Who can participate?
The study will be implemented on Pemba island for 1 year in 2024/25. Cross-sectional surveys will be conducted in 15 schools and a longitudinal survey will be conducted in two schools in Pemba. Schoolchildren, male and female, aged 5-16 years from nursery till grade 7 will be invited to participate in the school-based surveys.

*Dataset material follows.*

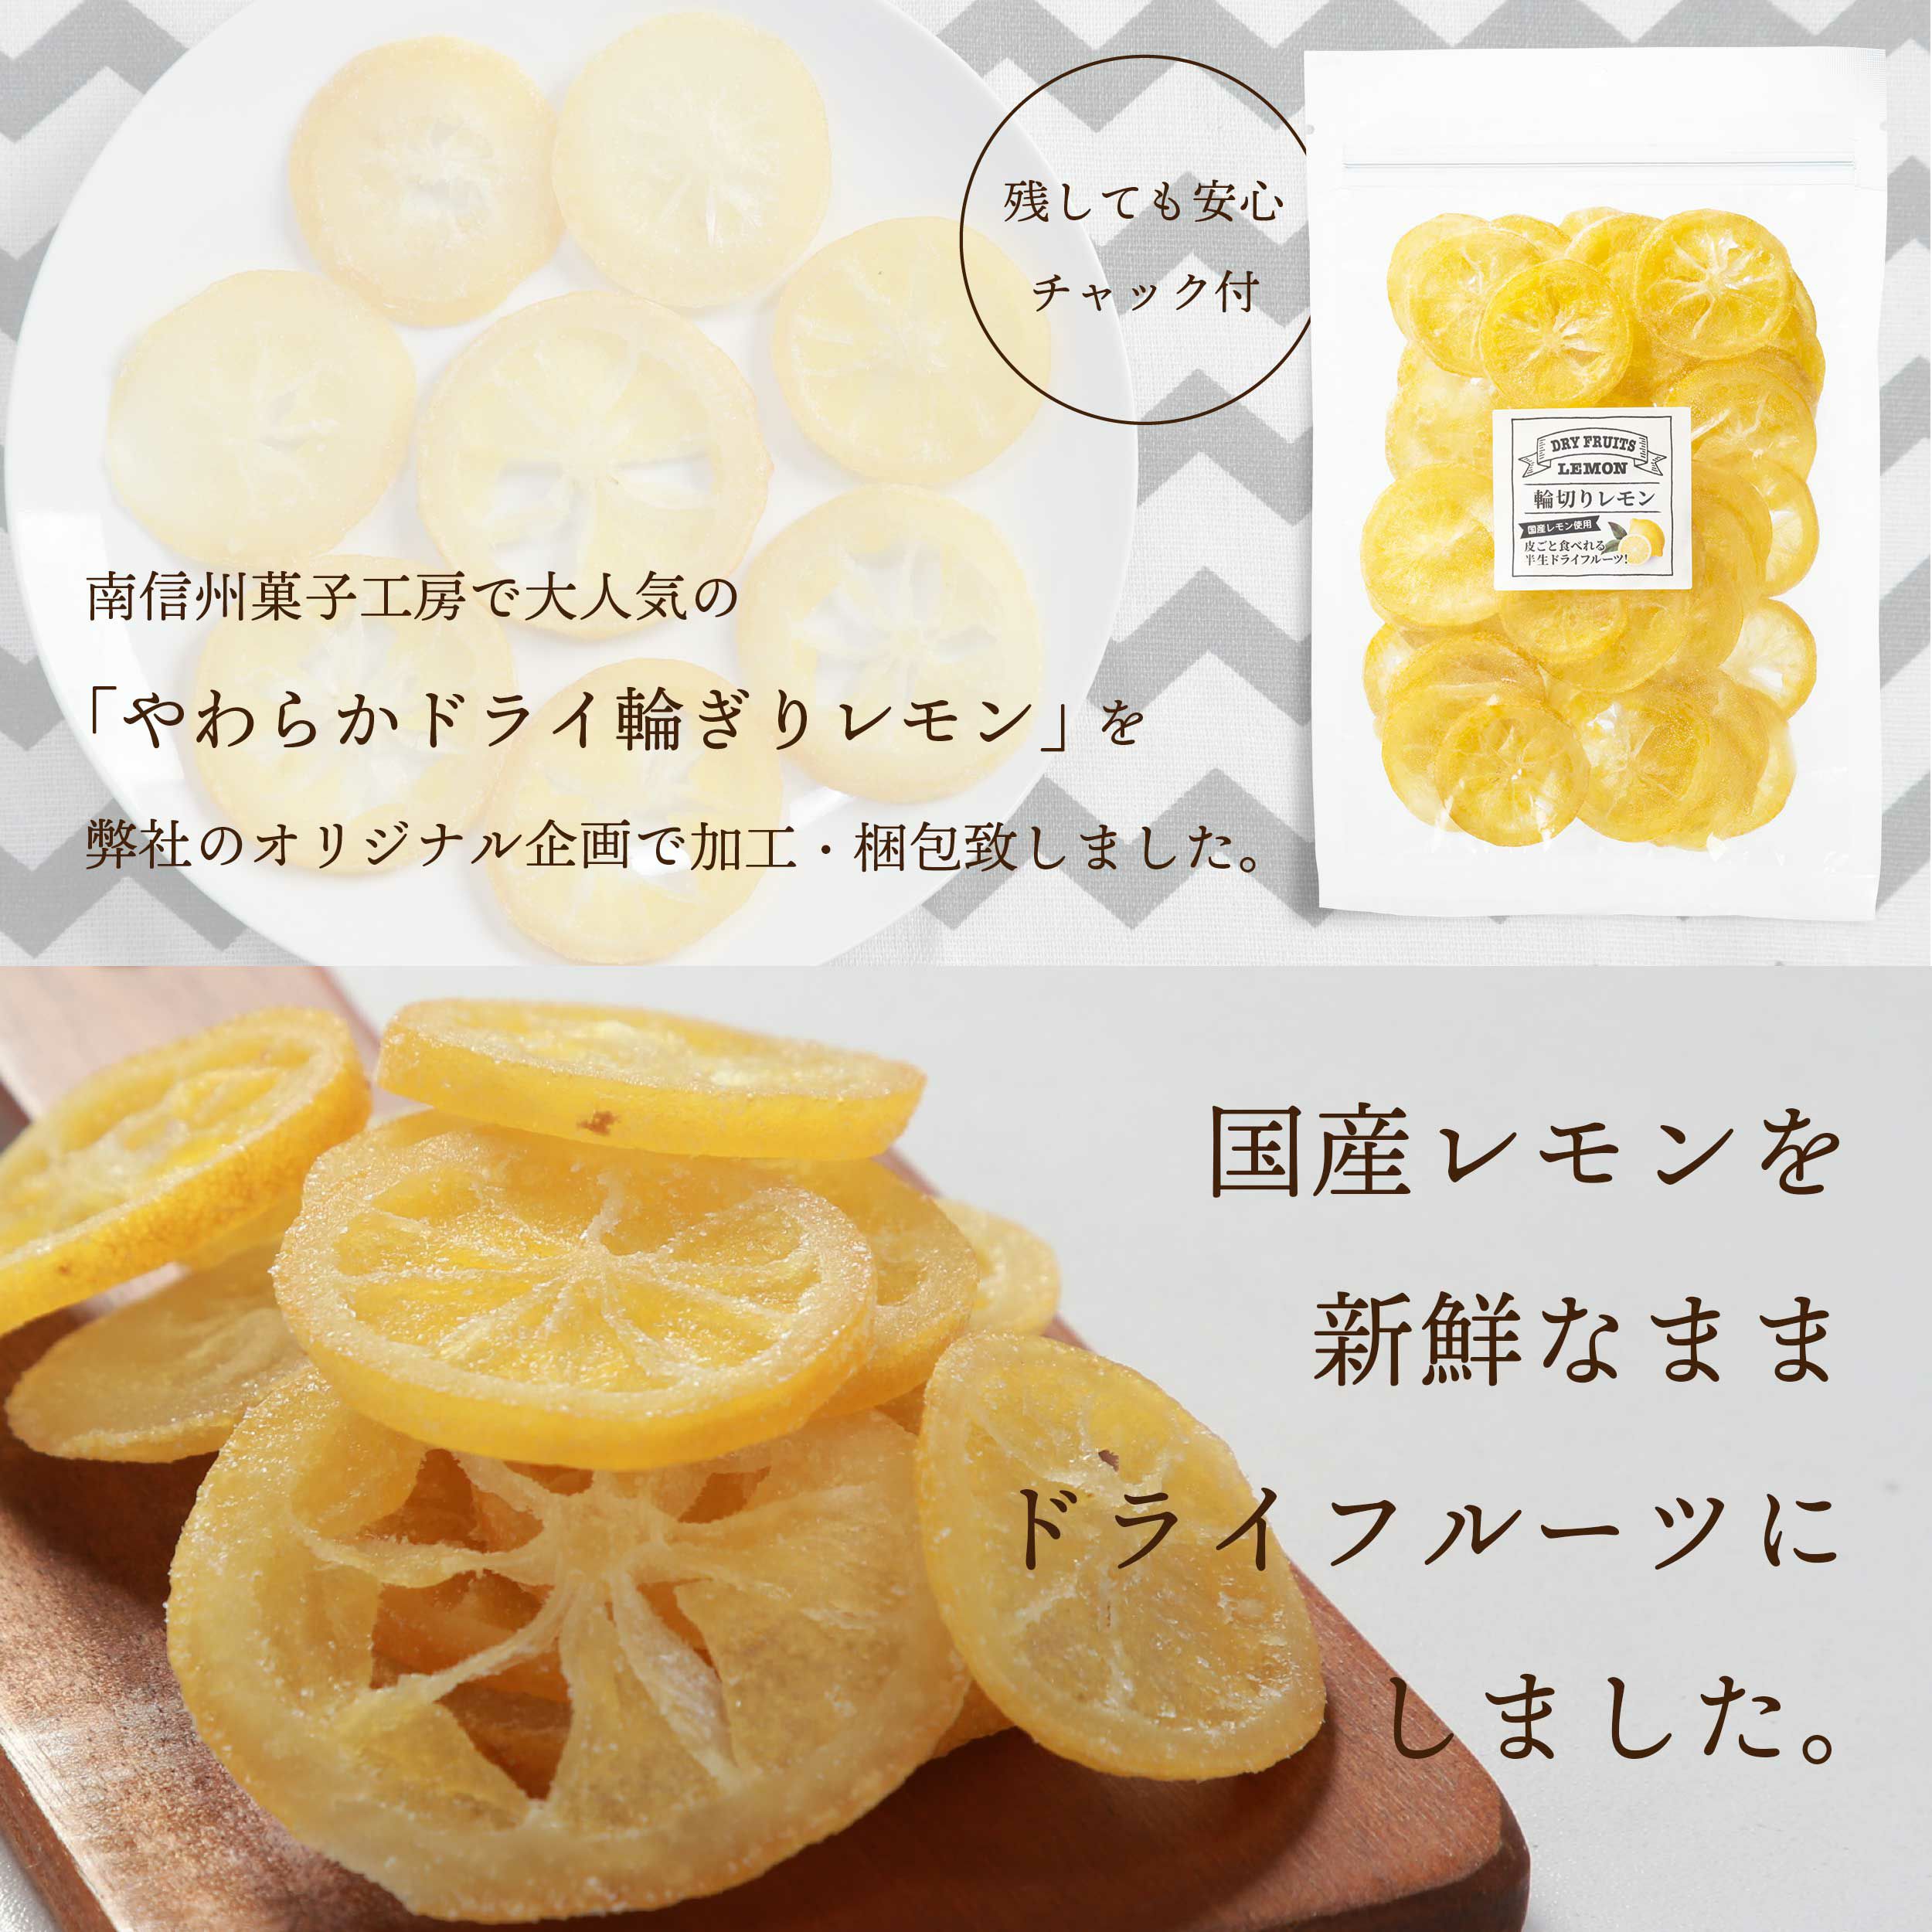 ドライフルーツ 国産 輪切り レモン 500g 特長2

What does the study involve?
Participants from all 17 schools will be invited to answer a questionnaire about their demographics and past anti-schistosomal treatments. Participants from the 15 schools where the cross-sectional surveys take place will be tested for S. haematobium infection based on a single examination of a single urine sample with the urine filtration method. Participants from the two schools where a longitudinal survey is conducted will be invited to submit five urine samples on consecutive days before a mass drug administration (MDA) of praziquantel conducted by the Zanzibar Neglected Tropical Diseases (NTD) Program takes place. During the MDA, it will be recorded who takes praziquantel and how many tablets. Two weeks after the MDA, the participants will be asked again to submit five urine samples on consecutive days.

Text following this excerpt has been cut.